# Hypothesis Testing

In [1]:
import matplotlib.pyplot as plt
import numpy as np
from scipy.stats import norm

Z-Score function

In [2]:
def z_score(sample_size, sample_mean, pop_mean, pop_std):
    numerator = sample_mean - pop_mean
    denomenator = pop_std / sample_size**0.5
    return numerator / denomenator

t-score function

In [3]:
from scipy.stats import t

We use t-static for sample size < 30 and z-static for sample size > 30

**Two tailed t-test:** 
$$ |t| > t_{n-1,\frac{\alpha}{2}} \Rightarrow Accept \ H_1 \ or \ Reject \ H_0 $$
**Right tailed t-test:** 
$$ t > t_{n-1,\alpha} \Rightarrow Accept \ H_1 \ or \ Reject \ H_0 $$
**Left tailed t-test:** 
$$ t < t_{n-1,\alpha} \Rightarrow Accept \ H_1 \ or \ Reject \ H_0 $$

**Critical rejection regions**   
1. $H_1 (\mu < \mu_0) $ : Reject $H_0$ if $t$ < -$t_\alpha$   
2. $H_1 (\mu > \mu_0) $ : Reject $H_0$ if $t$ > -$t_\alpha$   
3. $H_1 (\mu \neq \mu_0) $ : Reject $H_0$ if $|t| > t_{\frac{\alpha}{2}}$

### **Ques.** Pista House selling Hyderabadi Chicken Dum biryani claims that each parcel packet has $500$ grams of biryani (also mentioned on the label of packet). You are sceptic of their claims and believe that on average each packet does not contain $500$ grams of biryani. How do you prove your claim?

**STEP : 1**   
$H_0$ : Packet contains 500 gms. of biryani (Null hypothesis) **We reject this**    
$H_1$ : Packet does not contain 500 gms. of biryani (Alternate hypothesis)   
$N$ (Sample size) : 10   
$$[490,480,473,492,422,463,478,434,499,467]$$
$ \bar{x} $ (Sample mean) =  469.8   
$ \mu_0 $ (Population mean) = 500 *Given*    
$ s $ (Population Std.) = 50 *Assumption*

**STEP : 2**   
Level of significance = 0.01 (1% Confidence interval)   
N = 10 

**STEP : 3**  
Apply t-test static criteria (3)  


In [6]:
# TWO-TAIL TEST 
alpha = 1 - 0.99
t_critical = t.ppf(1 - alpha/2 , df = 9)
print("Critical value is : ", t_critical)
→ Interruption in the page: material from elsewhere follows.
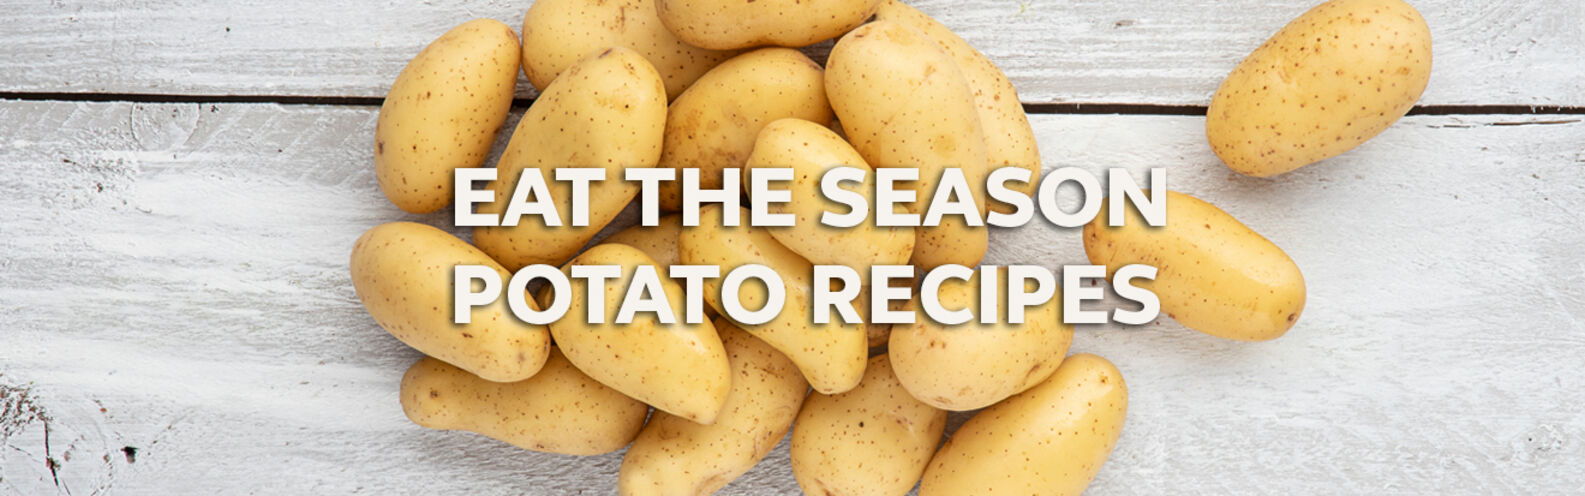 SuperValu Fruit and Veg Eat the Season Potato
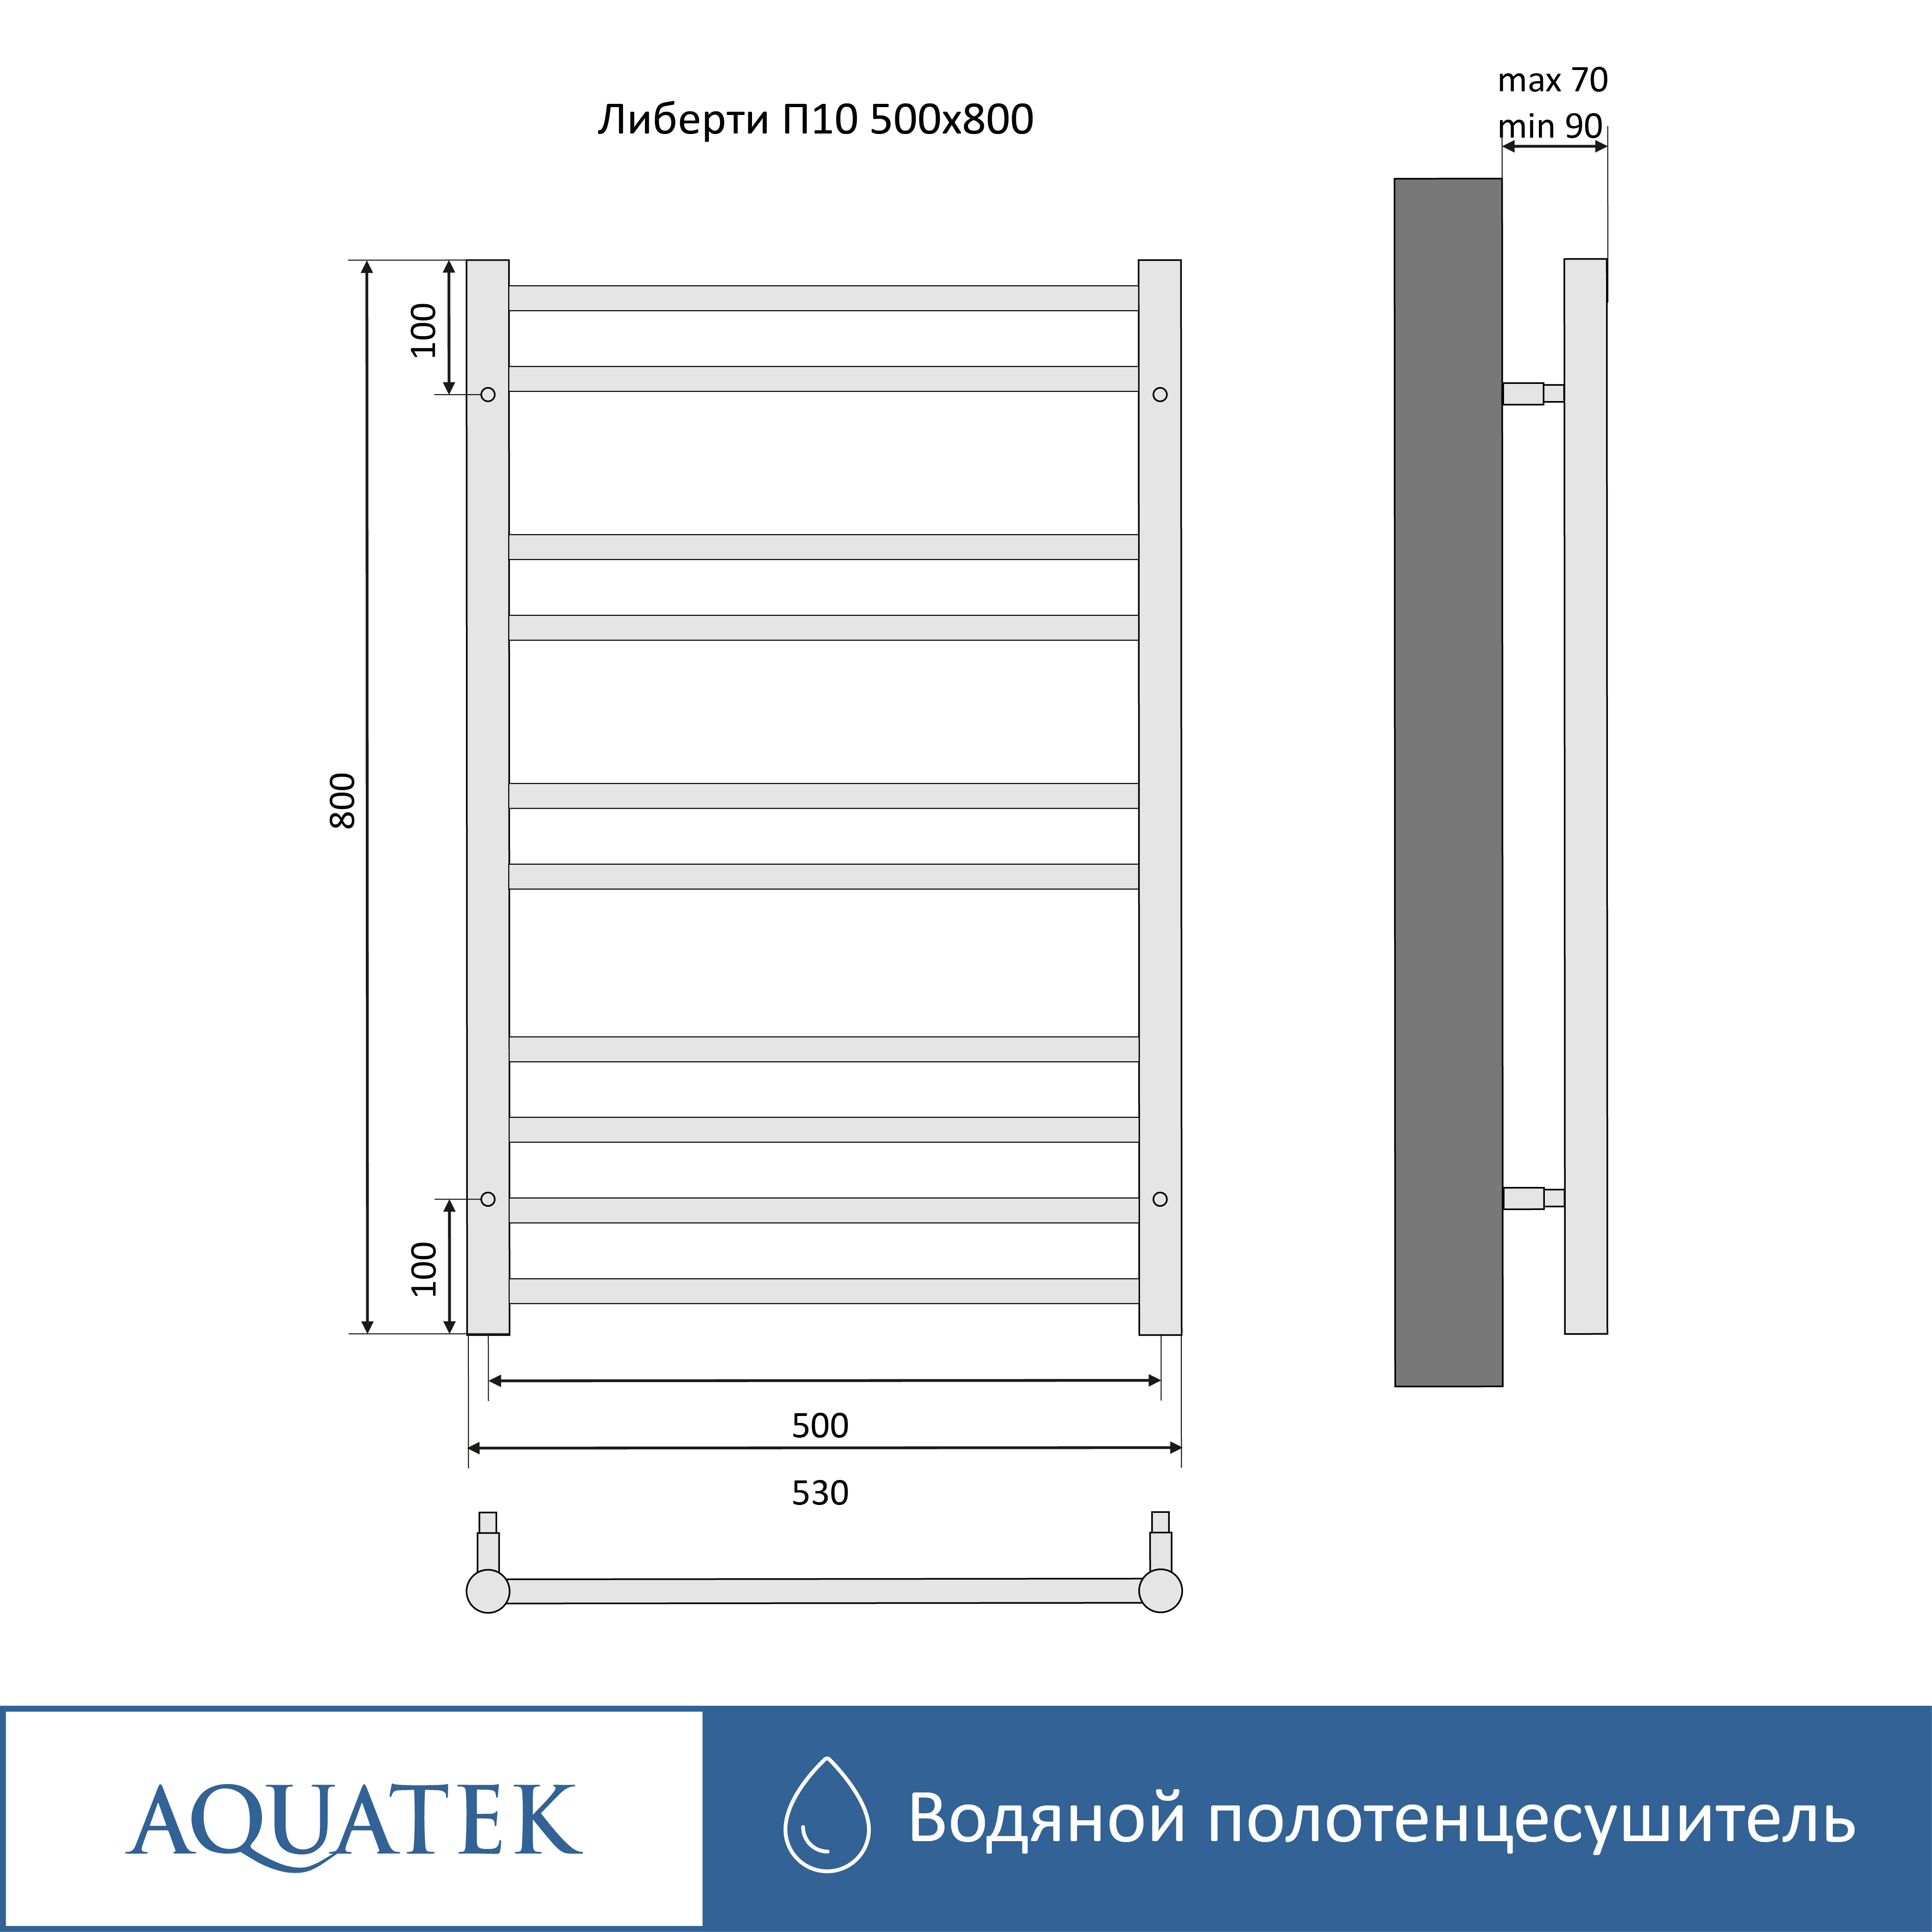 Полотенцесушитель водяной Aquatek Либерти П10 500х800 AQ RR1080CH - 14

Critical value is :  3.2498355440153697


We reject if : 
1. t-score > 3.2498
2. t-score < -3.2498

**STEP : 4**  
We are getting t-score as -1.9100

**STEP : 5**   
We fail to reject this claim.

### **Ques.2**  You have developed a new Natural Language Processing Algorithms and done a user study. You claim that the average rating given by the users is greater than 4 on a scale of 1 to 5. How do you prove this to your client?

**STEP : 1**   
$H_0$ : Average rating is > 4 (Null hypothesis) **We reject this**    
$H_1$ : Average rating should be < 4 (Alternate hypothesis)   
$N$ (Sample size) : 10   
$$[4,2,5,1,4,2,3,1,4,2]$$
$ \bar{x} $ (Sample mean) =  2.8   
$ \mu_0 $ (Population mean) = 4 *Given*    
$ s $ (Population Std.) = 1 *Assumption*

**STEP : 2**   
Level of significance = 0.01 (1% Confidence interval)   
N = 10 

**STEP : 3**  
Apply t-test static criteria (1)  

In [8]:
# ONE-TAIL TEST
from scipy.stats import t
alpha2 = 1 - 0.01
t_critical = t.ppf(1 - alpha2, df = 9)
print("Critical value is : ", t_critical)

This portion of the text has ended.